Metropolitan News-Enterprise

 

Wednesday, October 15, 2008

 

Page 1

 

Ninth Circuit Revives San Jose Election Ordinance

Panel Says Judge Should Have Abstained From Ruling Ahead of Local Commission

 

By KENNETH OFGANG, Staff Writer

 

A district judge who threw out a San Jose ordinance limiting contributions to independent political committees that support or oppose candidates for city office should have abstained from hearing the case, the Ninth U.S. Circuit Court of Appeals ruled yesterday.

The ruling by U.S. District Judge James Ware of the Northern District of California ran afoul of the principle, set forth in Younger v. Harris, 401 U.S. 37 (1971), that federal courts should not interfere with ongoing state or local administrative proceedings or with litigation in state courts absent unusual circumstances, Judge Susan P. Graber wrote for the appellate court.

Younger applies because the business groups challenging the ordinance were engaged in proceedings before the city’s Elections Commission when they sued to have the ordinance declared unconstitutional, Graber said.

The law, Municipal Code Sec. 12.06.310, limits contributions to independent committees for city election campaigns to $250. Supporters of Cindy Chavez—who was vice mayor of the city when she ran for mayor two years ago and lost—claim the San Jose Silicon Valley Chamber of Commerce Political Action Committee and a related entity, the COMPAC Issues Fund, violated the code section when they sent out hundreds of thousands of anti-Chavez mailers during the primary election

The charges were investigated by the Elections Commission staff, which recommended that the committees be penalized for violating the ordinance. The commission voted to reprimand the committees and to impose a fine equaling $5,000 per violation, with final action deferred so that the total could be calculated.

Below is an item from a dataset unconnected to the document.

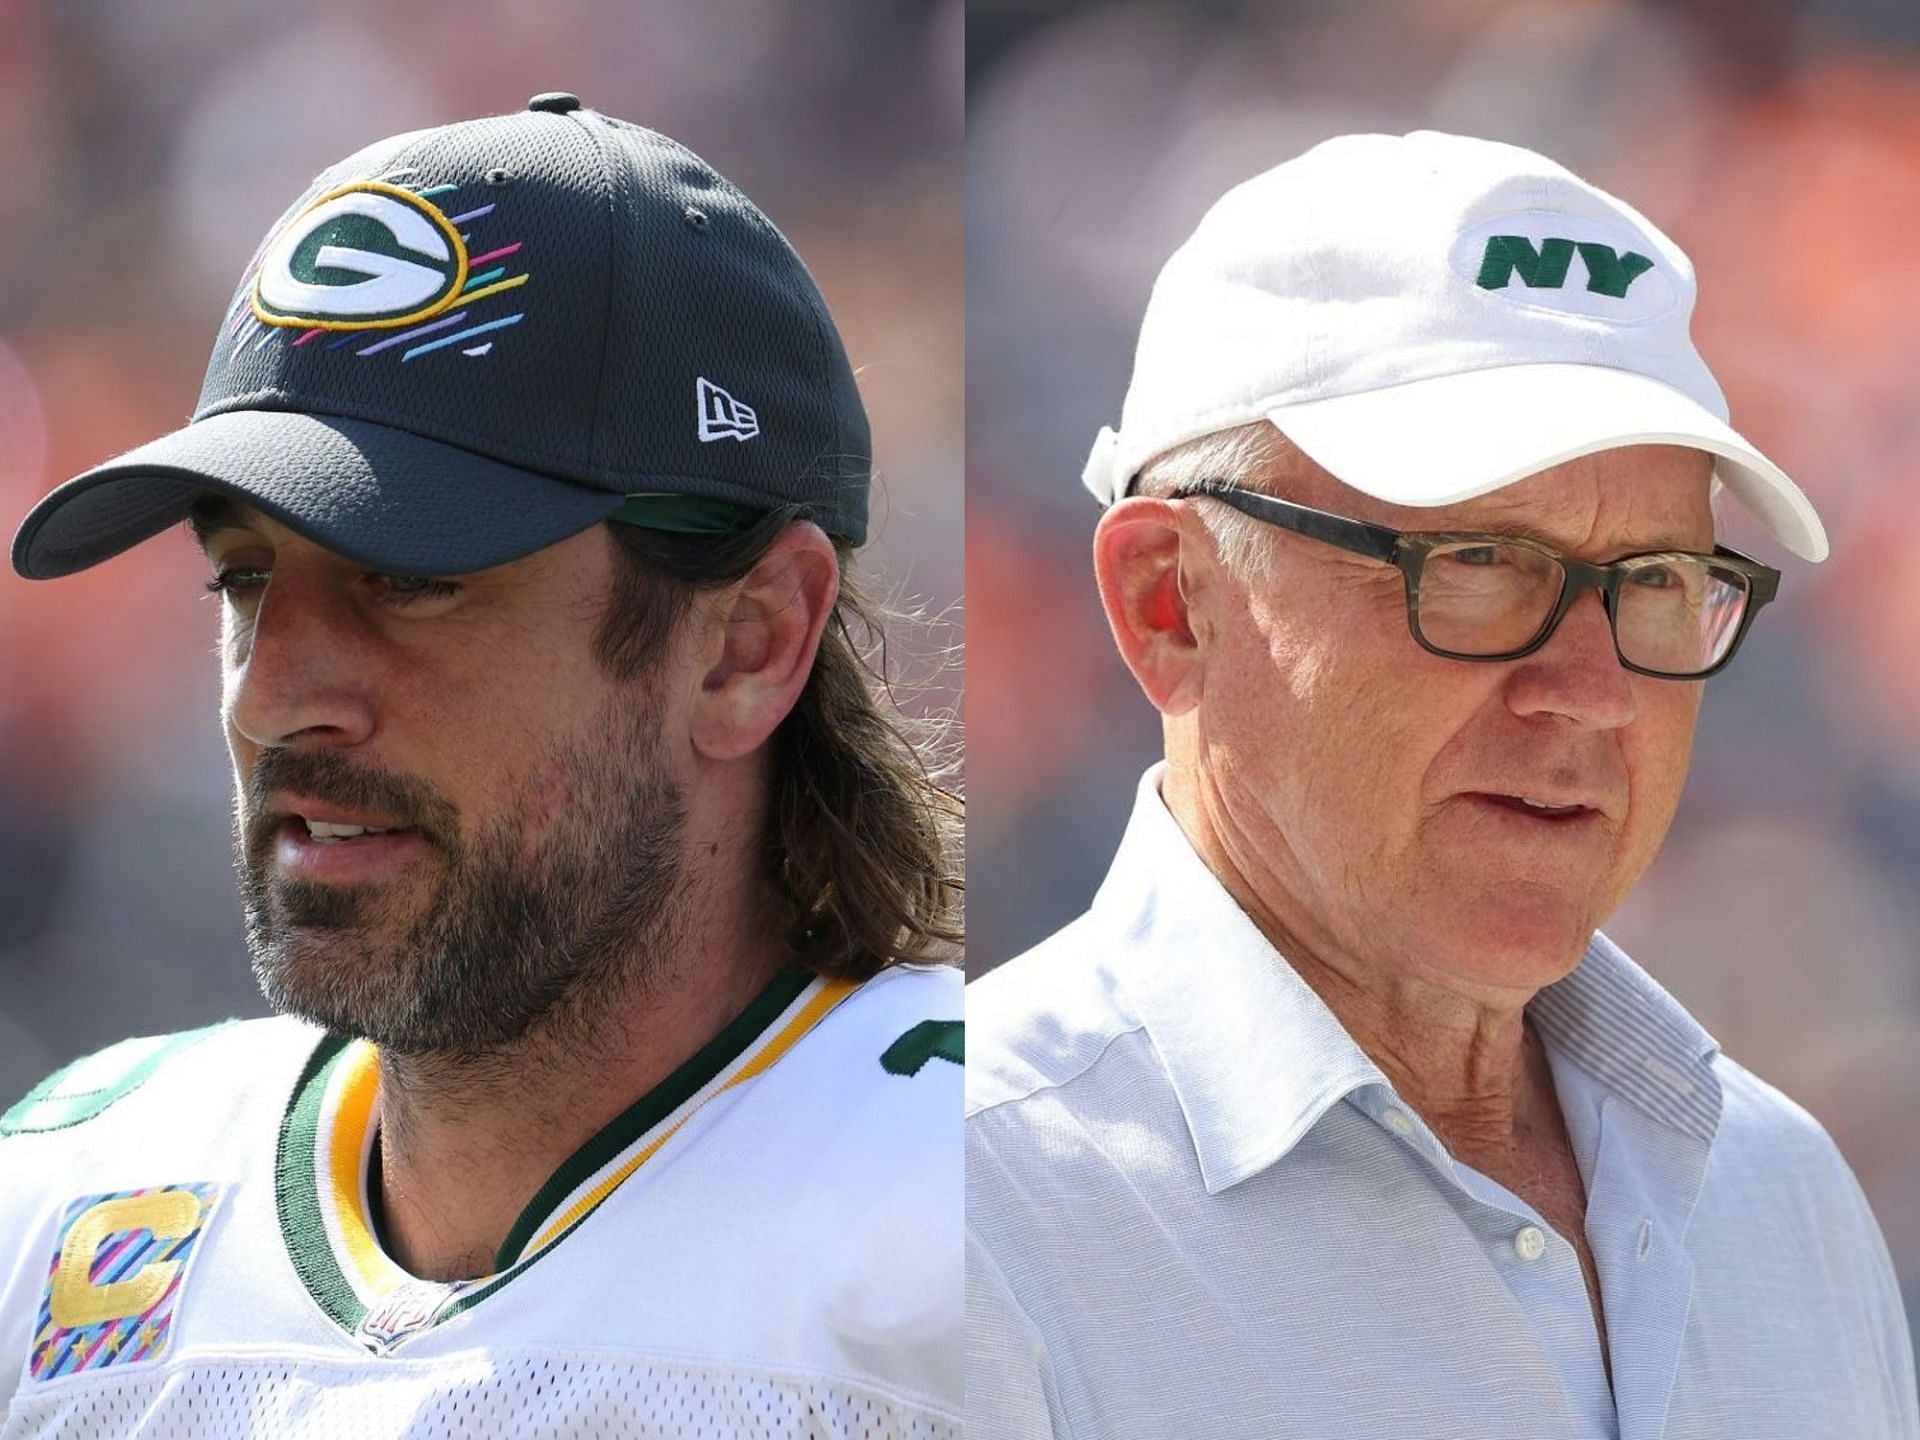 Aaron Rodgers gets courted by Jets GM Woody Johnson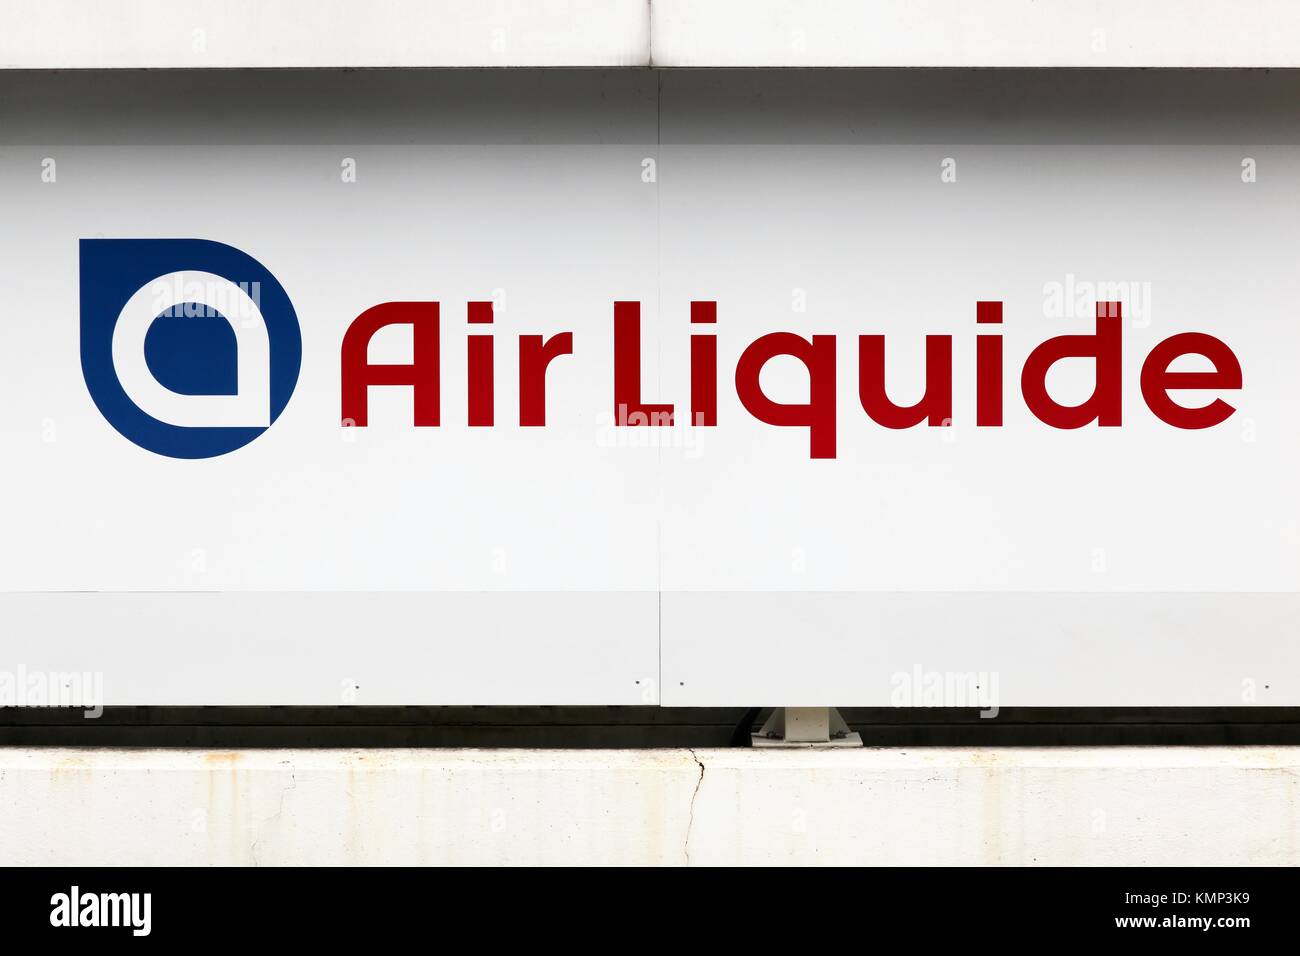 Sassenage, France - June 24, 2017: Air Liquide logo on a wall. Air Liquide is a french multinational company which supplies industrial gases Stock Photo

In June 2006, the committees filed their federal action seeking declaratory and injunctive relief and alleging the code section was unconstitutional, both on its face and as applied, as a violation of the First and Fourteenth Amendments.

Ware agreed that the law is unconstitutional and enjoined the city from enforcing it.

But Graber, writing yesterday for the appellate court, said the commission proceedings were still “ongoing” under Younger and that the plaintiffs failed to show the existence of an extraordinary circumstance that would justify an exception to the doctrine.

The judge acknowledged that an exception would apply if the commission were acting in bad faith by delaying the final decision. But the evidence before the court was that the delay was caused by the plaintiffs, who failed to provide financial information requested by the commission and filed suit just six weeks after the commission voted to impose the fine, Graber said.

The judge also noted that there is a split among the circuits as to whether Younger requires a party that is aggrieved as a result of an administrative proceeding to seek judicial review in state courts before resorting to federal remedies. The Ninth Circuit once answered that question in the affirmative, but the opinion was withdrawn and the issue remains open, Graber said.

She added:

“We agree with Plaintiffs, of course, that political speech is vitally important. But the Supreme Court has never suggested that the importance of the interest asserted by a federal plaintiff affects the analysis of the Younger factors. Indeed, it would be hard to assert that the right to speech is more important than the liberty interest of the criminal defendant in Younger itself, where the Court held that federal courts were required to abstain.”

The opinion was joined by Senior Judge J. Clifford Wallace and by U.S. District Judge George Schiavelli of the Central District of California, sitting by designation.

The case is San Jose Silicon Valley Chamber of Commerce Political Action Committee v. City of San Jose, 06-17001.